• Data in this exercise:
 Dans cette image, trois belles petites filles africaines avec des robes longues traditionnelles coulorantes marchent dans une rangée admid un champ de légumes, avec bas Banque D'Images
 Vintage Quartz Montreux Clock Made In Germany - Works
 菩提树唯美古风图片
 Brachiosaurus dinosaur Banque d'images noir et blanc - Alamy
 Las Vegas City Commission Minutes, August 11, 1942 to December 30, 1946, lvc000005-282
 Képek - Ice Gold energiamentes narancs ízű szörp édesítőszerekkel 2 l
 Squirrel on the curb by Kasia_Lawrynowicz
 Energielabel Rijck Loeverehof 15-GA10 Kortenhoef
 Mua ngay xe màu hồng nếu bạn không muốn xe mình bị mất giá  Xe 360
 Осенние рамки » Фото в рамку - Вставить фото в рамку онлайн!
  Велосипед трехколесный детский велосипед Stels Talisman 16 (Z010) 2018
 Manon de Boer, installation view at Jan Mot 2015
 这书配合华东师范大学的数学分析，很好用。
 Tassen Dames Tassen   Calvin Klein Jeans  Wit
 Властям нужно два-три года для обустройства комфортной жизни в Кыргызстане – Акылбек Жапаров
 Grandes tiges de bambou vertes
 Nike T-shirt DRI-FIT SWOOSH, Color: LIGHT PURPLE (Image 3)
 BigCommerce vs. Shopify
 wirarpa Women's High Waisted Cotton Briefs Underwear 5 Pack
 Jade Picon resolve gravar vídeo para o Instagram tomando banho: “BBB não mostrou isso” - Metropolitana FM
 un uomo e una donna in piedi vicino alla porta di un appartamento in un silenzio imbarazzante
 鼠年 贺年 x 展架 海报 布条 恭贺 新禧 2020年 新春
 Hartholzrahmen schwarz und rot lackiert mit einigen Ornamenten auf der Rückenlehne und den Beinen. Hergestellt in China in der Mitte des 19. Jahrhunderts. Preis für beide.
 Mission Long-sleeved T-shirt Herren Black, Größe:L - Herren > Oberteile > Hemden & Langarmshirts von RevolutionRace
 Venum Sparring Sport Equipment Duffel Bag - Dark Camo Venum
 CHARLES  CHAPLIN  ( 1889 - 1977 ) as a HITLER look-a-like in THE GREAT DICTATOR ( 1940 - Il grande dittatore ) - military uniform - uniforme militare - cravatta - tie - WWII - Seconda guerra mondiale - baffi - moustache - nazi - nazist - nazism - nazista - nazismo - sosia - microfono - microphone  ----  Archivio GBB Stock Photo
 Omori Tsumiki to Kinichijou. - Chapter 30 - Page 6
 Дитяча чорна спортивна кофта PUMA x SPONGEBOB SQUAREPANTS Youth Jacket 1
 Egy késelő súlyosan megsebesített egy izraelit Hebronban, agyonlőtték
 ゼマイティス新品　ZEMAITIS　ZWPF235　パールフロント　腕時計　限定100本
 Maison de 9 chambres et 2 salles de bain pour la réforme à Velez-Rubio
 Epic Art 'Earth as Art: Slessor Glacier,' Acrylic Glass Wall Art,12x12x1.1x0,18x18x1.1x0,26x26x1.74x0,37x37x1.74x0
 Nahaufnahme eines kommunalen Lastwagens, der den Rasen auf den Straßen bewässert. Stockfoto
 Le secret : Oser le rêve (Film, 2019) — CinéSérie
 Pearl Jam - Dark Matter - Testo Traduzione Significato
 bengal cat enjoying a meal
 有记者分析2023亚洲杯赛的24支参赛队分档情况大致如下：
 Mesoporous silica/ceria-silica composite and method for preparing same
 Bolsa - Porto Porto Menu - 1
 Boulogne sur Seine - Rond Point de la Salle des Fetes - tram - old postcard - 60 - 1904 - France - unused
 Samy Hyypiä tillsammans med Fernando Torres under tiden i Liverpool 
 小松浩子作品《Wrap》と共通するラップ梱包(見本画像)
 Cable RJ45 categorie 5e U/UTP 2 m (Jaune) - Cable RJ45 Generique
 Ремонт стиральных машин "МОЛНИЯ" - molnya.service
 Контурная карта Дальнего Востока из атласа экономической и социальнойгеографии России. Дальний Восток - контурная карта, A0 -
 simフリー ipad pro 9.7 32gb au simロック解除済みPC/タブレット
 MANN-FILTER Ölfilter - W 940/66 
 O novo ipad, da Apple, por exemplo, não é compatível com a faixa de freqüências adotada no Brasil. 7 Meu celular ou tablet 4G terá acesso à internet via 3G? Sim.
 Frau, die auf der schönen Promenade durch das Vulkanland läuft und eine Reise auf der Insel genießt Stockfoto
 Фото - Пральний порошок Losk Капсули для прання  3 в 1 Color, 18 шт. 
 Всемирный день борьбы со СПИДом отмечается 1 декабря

• Work required: Beginning with the line containing "Egy késelő súlyosan" in the material above, copy every line exactly until you have copied the line containing "O novo ipad, da".

• Task result:
 Egy késelő súlyosan megsebesített egy izraelit Hebronban, agyonlőtték
 ゼマイティス新品　ZEMAITIS　ZWPF235　パールフロント　腕時計　限定100本
 Maison de 9 chambres et 2 salles de bain pour la réforme à Velez-Rubio
 Epic Art 'Earth as Art: Slessor Glacier,' Acrylic Glass Wall Art,12x12x1.1x0,18x18x1.1x0,26x26x1.74x0,37x37x1.74x0
 Nahaufnahme eines kommunalen Lastwagens, der den Rasen auf den Straßen bewässert. Stockfoto
 Le secret : Oser le rêve (Film, 2019) — CinéSérie
 Pearl Jam - Dark Matter - Testo Traduzione Significato
 bengal cat enjoying a meal
 有记者分析2023亚洲杯赛的24支参赛队分档情况大致如下：
 Mesoporous silica/ceria-silica composite and method for preparing same
 Bolsa - Porto Porto Menu - 1
 Boulogne sur Seine - Rond Point de la Salle des Fetes - tram - old postcard - 60 - 1904 - France - unused
 Samy Hyypiä tillsammans med Fernando Torres under tiden i Liverpool 
 小松浩子作品《Wrap》と共通するラップ梱包(見本画像)
 Cable RJ45 categorie 5e U/UTP 2 m (Jaune) - Cable RJ45 Generique
 Ремонт стиральных машин "МОЛНИЯ" - molnya.service
 Контурная карта Дальнего Востока из атласа экономической и социальнойгеографии России. Дальний Восток - контурная карта, A0 -
 simフリー ipad pro 9.7 32gb au simロック解除済みPC/タブレット
 MANN-FILTER Ölfilter - W 940/66 
 O novo ipad, da Apple, por exemplo, não é compatível com a faixa de freqüências adotada no Brasil. 7 Meu celular ou tablet 4G terá acesso à internet via 3G? Sim.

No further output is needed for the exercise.